Go through the listing and copy every line word for word.

--------------------

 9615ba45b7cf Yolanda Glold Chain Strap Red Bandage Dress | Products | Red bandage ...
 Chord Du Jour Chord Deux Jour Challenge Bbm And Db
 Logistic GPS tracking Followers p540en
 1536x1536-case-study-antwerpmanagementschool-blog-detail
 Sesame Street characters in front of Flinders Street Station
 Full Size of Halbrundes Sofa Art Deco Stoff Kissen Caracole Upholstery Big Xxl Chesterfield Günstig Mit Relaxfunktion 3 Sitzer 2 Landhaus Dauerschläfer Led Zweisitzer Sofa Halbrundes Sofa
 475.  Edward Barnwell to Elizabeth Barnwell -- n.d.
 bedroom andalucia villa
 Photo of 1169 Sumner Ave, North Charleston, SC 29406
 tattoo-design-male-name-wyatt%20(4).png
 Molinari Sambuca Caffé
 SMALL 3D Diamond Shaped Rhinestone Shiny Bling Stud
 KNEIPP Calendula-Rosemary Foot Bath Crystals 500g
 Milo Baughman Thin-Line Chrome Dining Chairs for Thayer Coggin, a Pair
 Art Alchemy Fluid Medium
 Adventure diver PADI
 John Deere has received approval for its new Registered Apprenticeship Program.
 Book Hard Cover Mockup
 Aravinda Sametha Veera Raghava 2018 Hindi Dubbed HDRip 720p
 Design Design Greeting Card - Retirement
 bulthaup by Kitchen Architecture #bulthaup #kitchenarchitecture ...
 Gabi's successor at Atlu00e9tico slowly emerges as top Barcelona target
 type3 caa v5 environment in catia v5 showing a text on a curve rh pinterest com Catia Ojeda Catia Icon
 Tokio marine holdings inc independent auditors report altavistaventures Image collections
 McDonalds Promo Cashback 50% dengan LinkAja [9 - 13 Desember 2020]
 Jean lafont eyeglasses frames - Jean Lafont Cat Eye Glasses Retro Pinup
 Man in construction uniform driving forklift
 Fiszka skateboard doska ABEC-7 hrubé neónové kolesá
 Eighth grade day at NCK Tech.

--------------------

▶ [WRITTEN REPLY]
 9615ba45b7cf Yolanda Glold Chain Strap Red Bandage Dress | Products | Red bandage ...
 Chord Du Jour Chord Deux Jour Challenge Bbm And Db
 Logistic GPS tracking Followers p540en
 1536x1536-case-study-antwerpmanagementschool-blog-detail
 Sesame Street characters in front of Flinders Street Station
 Full Size of Halbrundes Sofa Art Deco Stoff Kissen Caracole Upholstery Big Xxl Chesterfield Günstig Mit Relaxfunktion 3 Sitzer 2 Landhaus Dauerschläfer Led Zweisitzer Sofa Halbrundes Sofa
 475.  Edward Barnwell to Elizabeth Barnwell -- n.d.
 bedroom andalucia villa
 Photo of 1169 Sumner Ave, North Charleston, SC 29406
 tattoo-design-male-name-wyatt%20(4).png
 Molinari Sambuca Caffé
 SMALL 3D Diamond Shaped Rhinestone Shiny Bling Stud
 KNEIPP Calendula-Rosemary Foot Bath Crystals 500g
 Milo Baughman Thin-Line Chrome Dining Chairs for Thayer Coggin, a Pair
 Art Alchemy Fluid Medium
 Adventure diver PADI
 John Deere has received approval for its new Registered Apprenticeship Program.
 Book Hard Cover Mockup
 Aravinda Sametha Veera Raghava 2018 Hindi Dubbed HDRip 720p
 Design Design Greeting Card - Retirement
 bulthaup by Kitchen Architecture #bulthaup #kitchenarchitecture ...
 Gabi's successor at Atlu00e9tico slowly emerges as top Barcelona target
 type3 caa v5 environment in catia v5 showing a text on a curve rh pinterest com Catia Ojeda Catia Icon
 Tokio marine holdings inc independent auditors report altavistaventures Image collections
 McDonalds Promo Cashback 50% dengan LinkAja [9 - 13 Desember 2020]
 Jean lafont eyeglasses frames - Jean Lafont Cat Eye Glasses Retro Pinup
 Man in construction uniform driving forklift
 Fiszka skateboard doska ABEC-7 hrubé neónové kolesá
 Eighth grade day at NCK Tech.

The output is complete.